Domingo de Ramos 2025
A procissão deste ano caminhou sob um céu diferente.
Não era azul como no ano passado. Havia serração, uma garoa que vinha e ia como se o céu estivesse indeciso entre chorar e abençoar. O frio leve colava nas roupas, na pele, nas palavras que saíam das bocas entre rezas sussurradas. Era um dia nublado — mas não era um dia apagado. A fé continuava acesa, firme como as mãos que seguravam os ramos. Mas pela primeira vez, notei outros olhos. Olhos que não caminhavam conosco. Julgavam à distância. Um homem, da janela de um carro, gritou: “Vão arranjar o que fazer!” — como se a oração fosse o oposto de ação. Como se caminhar em nome da fé fosse perda de tempo. Riram. Alguns. Não muitos. E mesmo assim, seguimos.
Eu notei a bainha da calça da moça à minha frente, completamente encharcada da chuva, pesando nos passos. Mas ela não parou. Notei uma criança no colo do pai, cansada, mas olhando o mundo com olhos grandes e brilhantes, como se entendesse tudo sem entender nada. Como se apenas sentisse.

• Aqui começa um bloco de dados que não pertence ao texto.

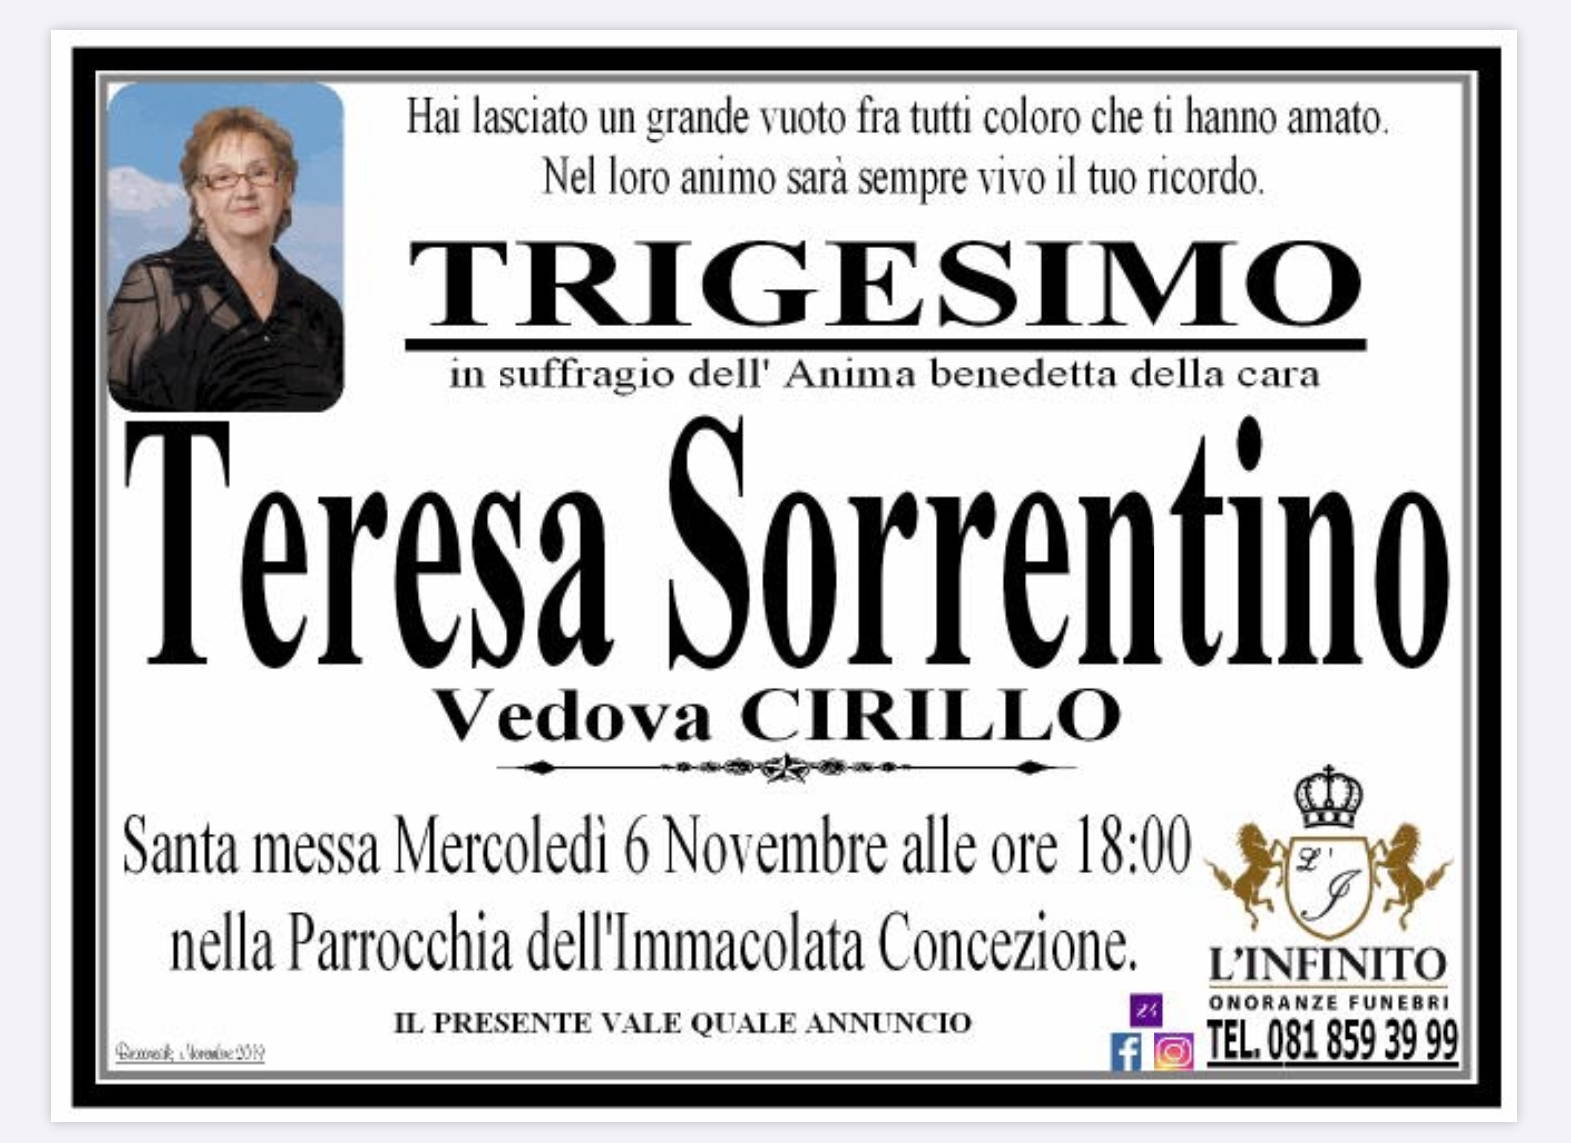 Teresa Sorrentino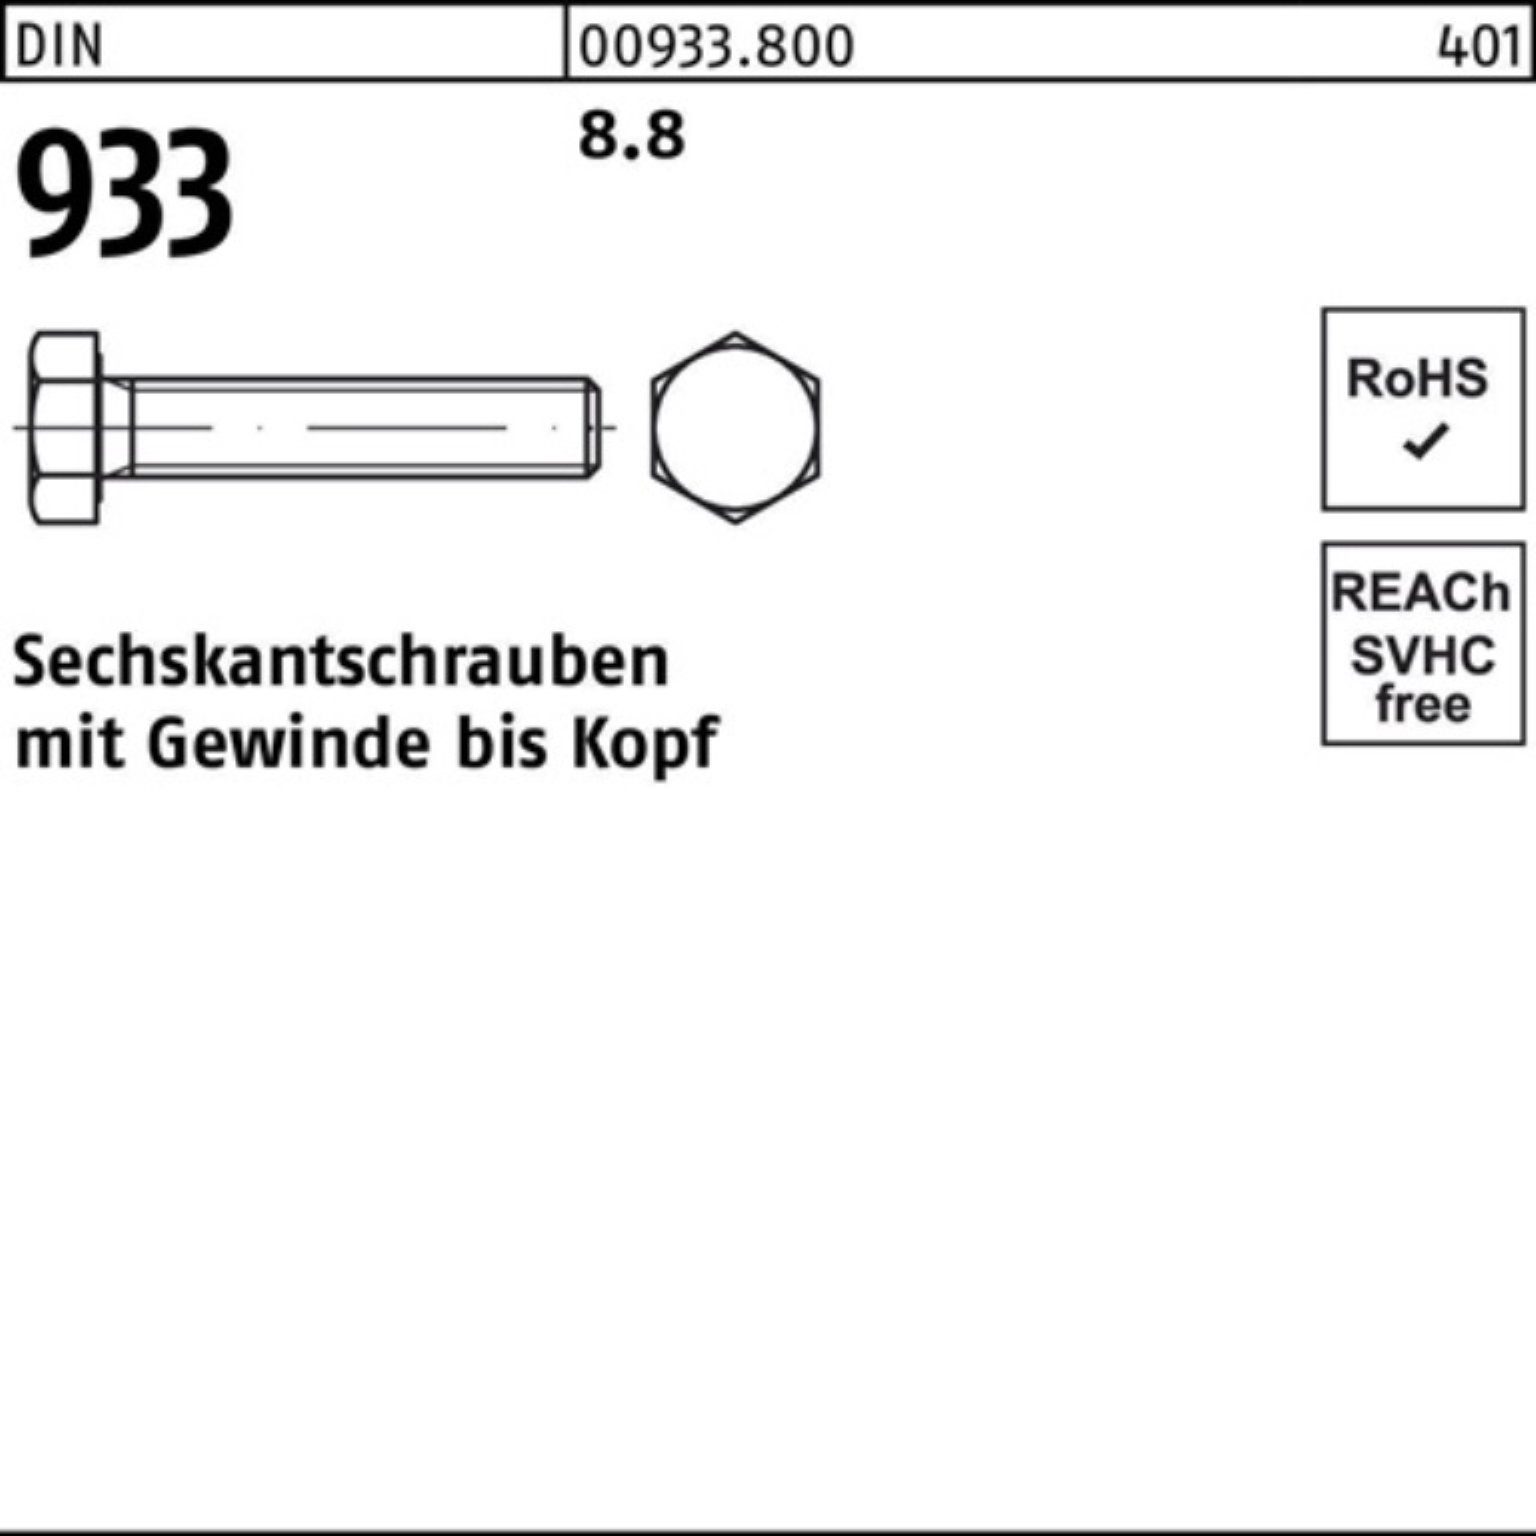 Sparaktion Reyher Sechskantschraube 100er 933 200 Pack 8.8 DIN VG 1 Sechskantschraube M20x 933 DIN Stück

Nas varandas, nos apartamentos, nos quartos de hotel, gente observava. Alguns em silêncio, outros em prece. Um casal se abraçava na janela, ouvindo as orações como se fossem uma música distante que toca o coração mesmo sem saber a letra.
O cheiro de mirra flutuava no ar, misturado ao frio. Pássaros cantavam, talvez por costume, talvez por fé também. E o sino da Igreja São Pedro tocava ao longe, chamando todos para a missa. E cada badalada parecia lavar um pouco da tristeza, das dúvidas, da chuva.
Talvez seja isso que a fé faz: chama pra dentro, mesmo quando lá fora o mundo parece rir.